Effect of Sideslip on High-Angle-of-Attack Vortex Flow over Close-Coupled Canard Configuration

Abstract

The aerodynamic response to sideslip is crucial for an aircraft’s lateral stability, especially for configurations incorporating vortex flow, on which sideslip causes asymmetric vortex behavior and brings extra complexity. In this work, vortex flow over a close-coupled canard configuration under sideslip is simulated using delayed detached-eddy simulation, with the angle of attack varying up to the poststall regime. Sideslip-induced distinctions in both vortex dynamics and canard/wing-vortex interaction are analyzed to explain the nonlinear response of the configuration. The results reveal that the effect of sideslip differs significantly upon different angle-of-attack regimes.
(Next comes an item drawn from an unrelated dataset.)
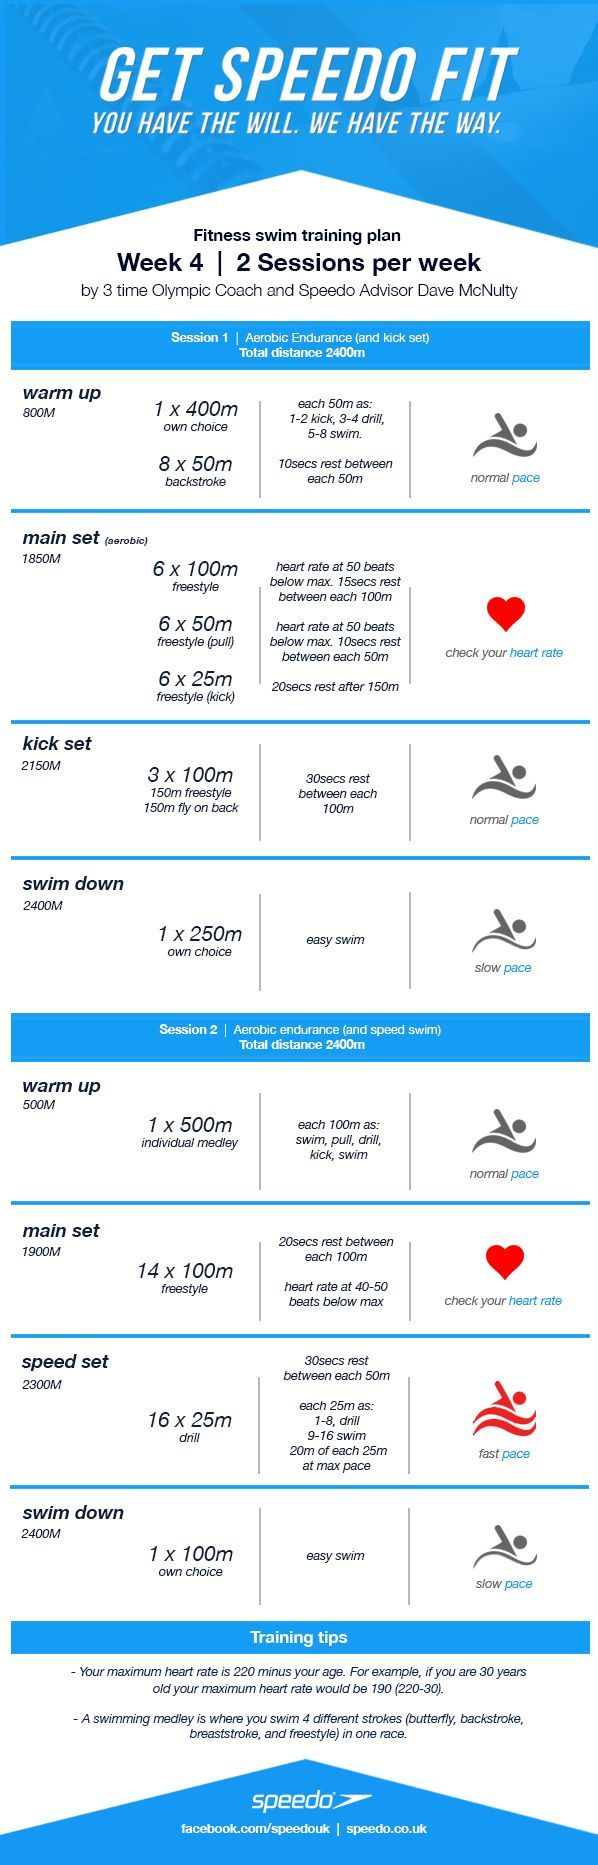 Hello again fitness swimmers! It's week 4 of our 8 week swim training plan. The distance is increasing week by week. Week one was 3200 metres overall, whereas this week you'll be swimming 4800 met...
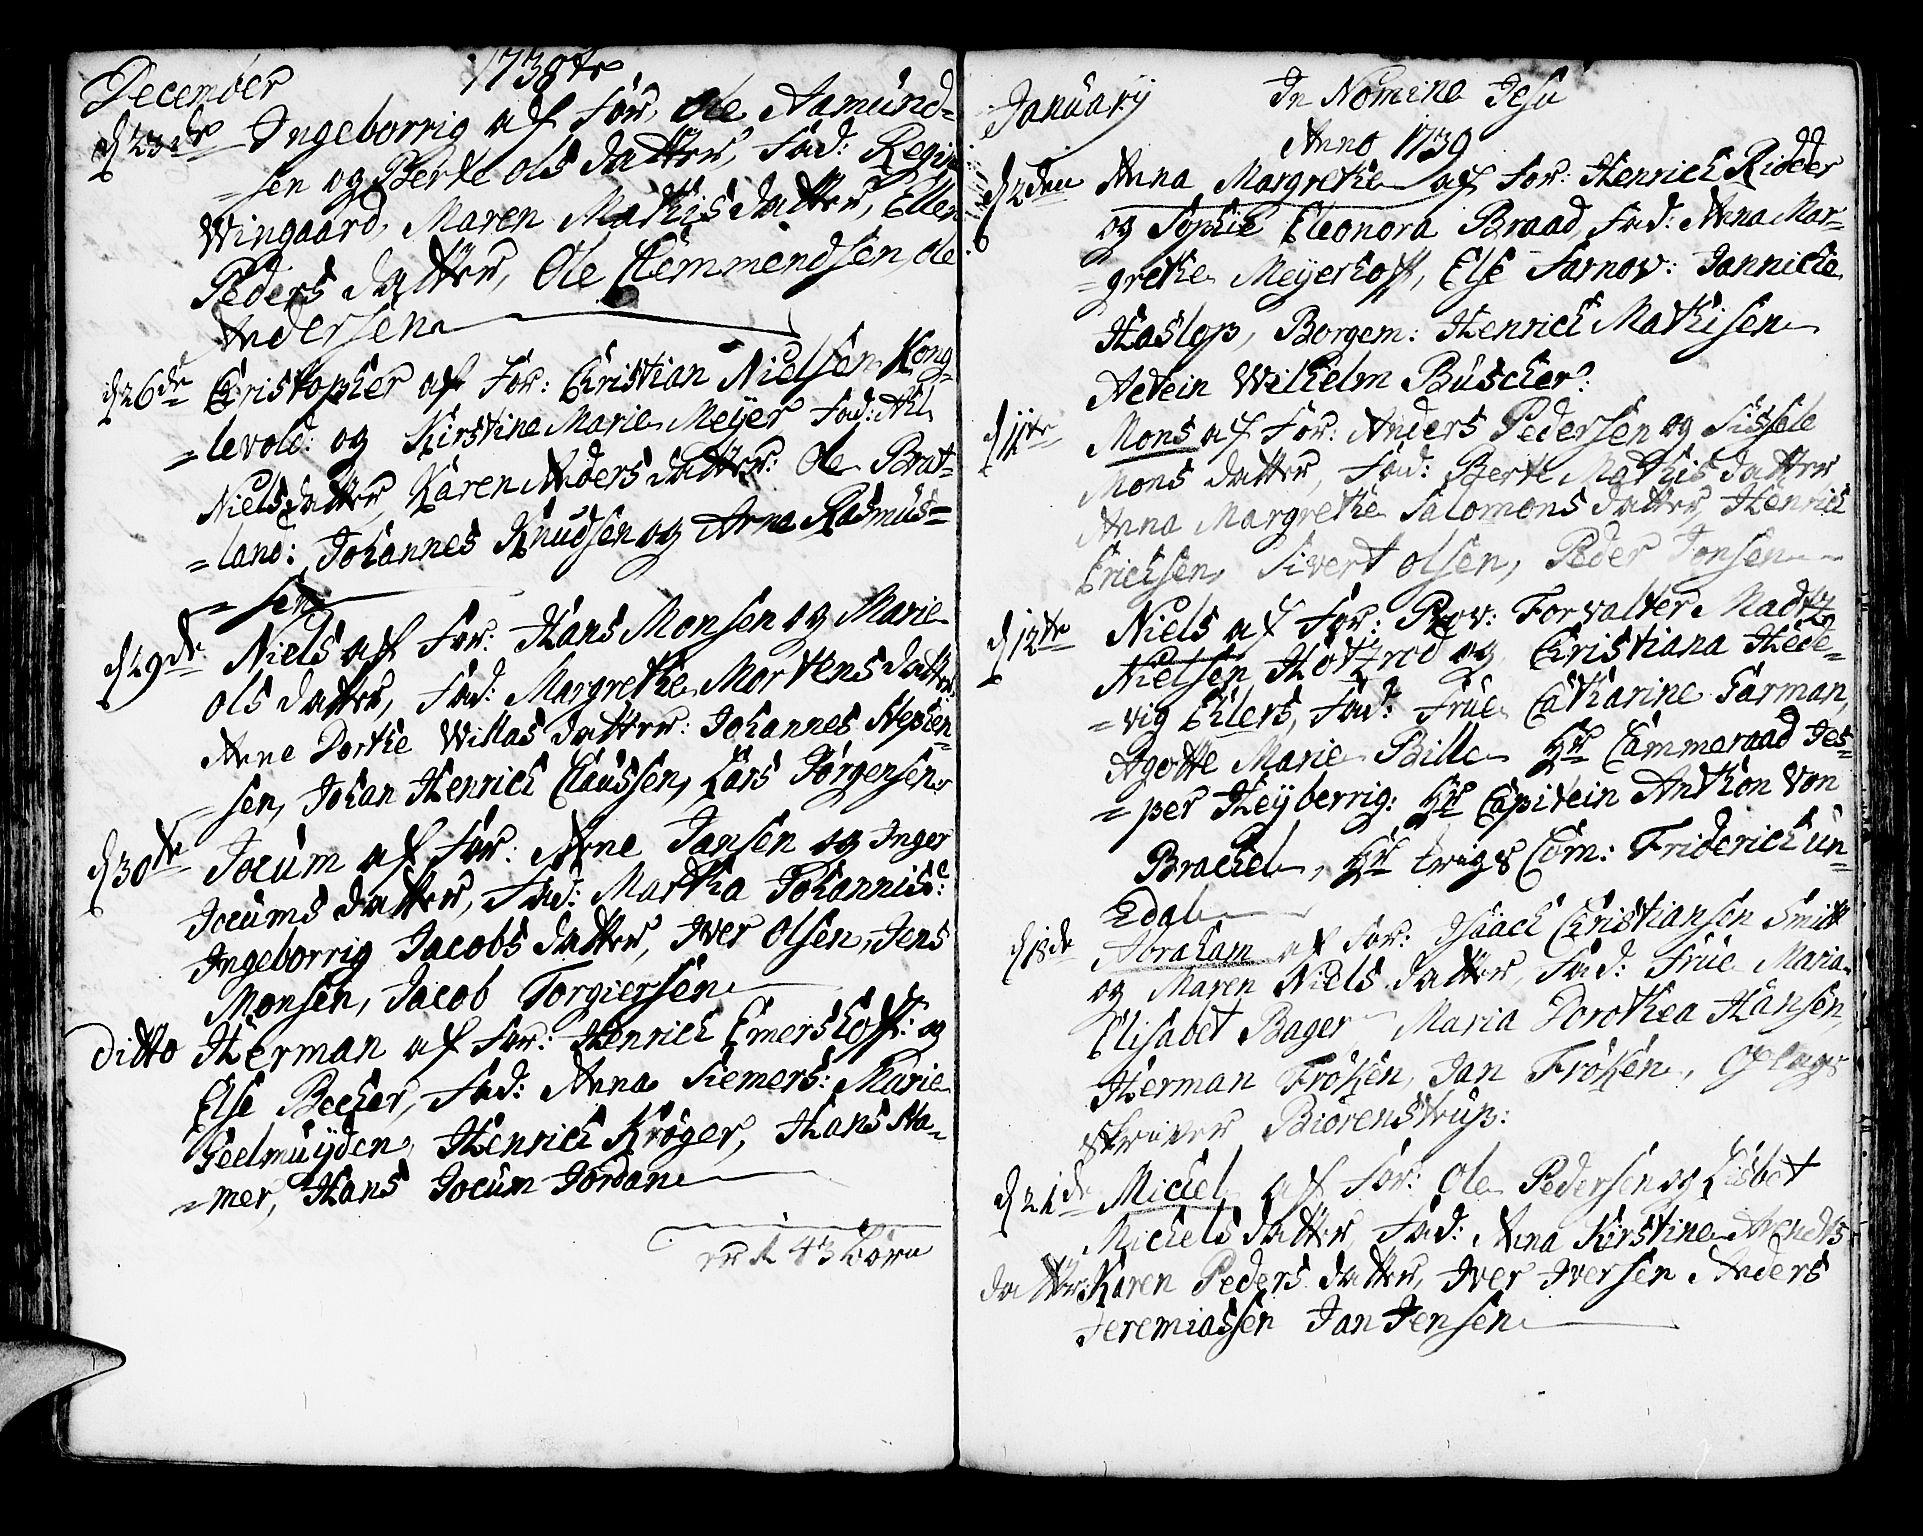 SAB, Korskirken Sokneprestembete, H/Haa/L0004: Ministerialbok nr. A 4, 1720-1750, s. 197

At a medium angle of attack, the spanwise extension of the low-pressure area due to windward vortex core expansion results in superior windward lift against the leeward side, but the relatively low pressure retained due to delay of the leeward vortex breakdown is the main motivation that leeward lift surpasses windward at a high angle of attack. The canard vortex trajectory deflected under sideslip induces asymmetric vortex interaction, enhancing the leeward side, which not only leads to an unusual rolling moment toward the higher lift side at a medium angle of attack but also causes an abrupt loss of lateral stability at the poststall angle of attack. A featured demarcation line exists on both the canard and the wing to separate the lift imbalance area, which is found useful in interpreting the nonlinear behavior.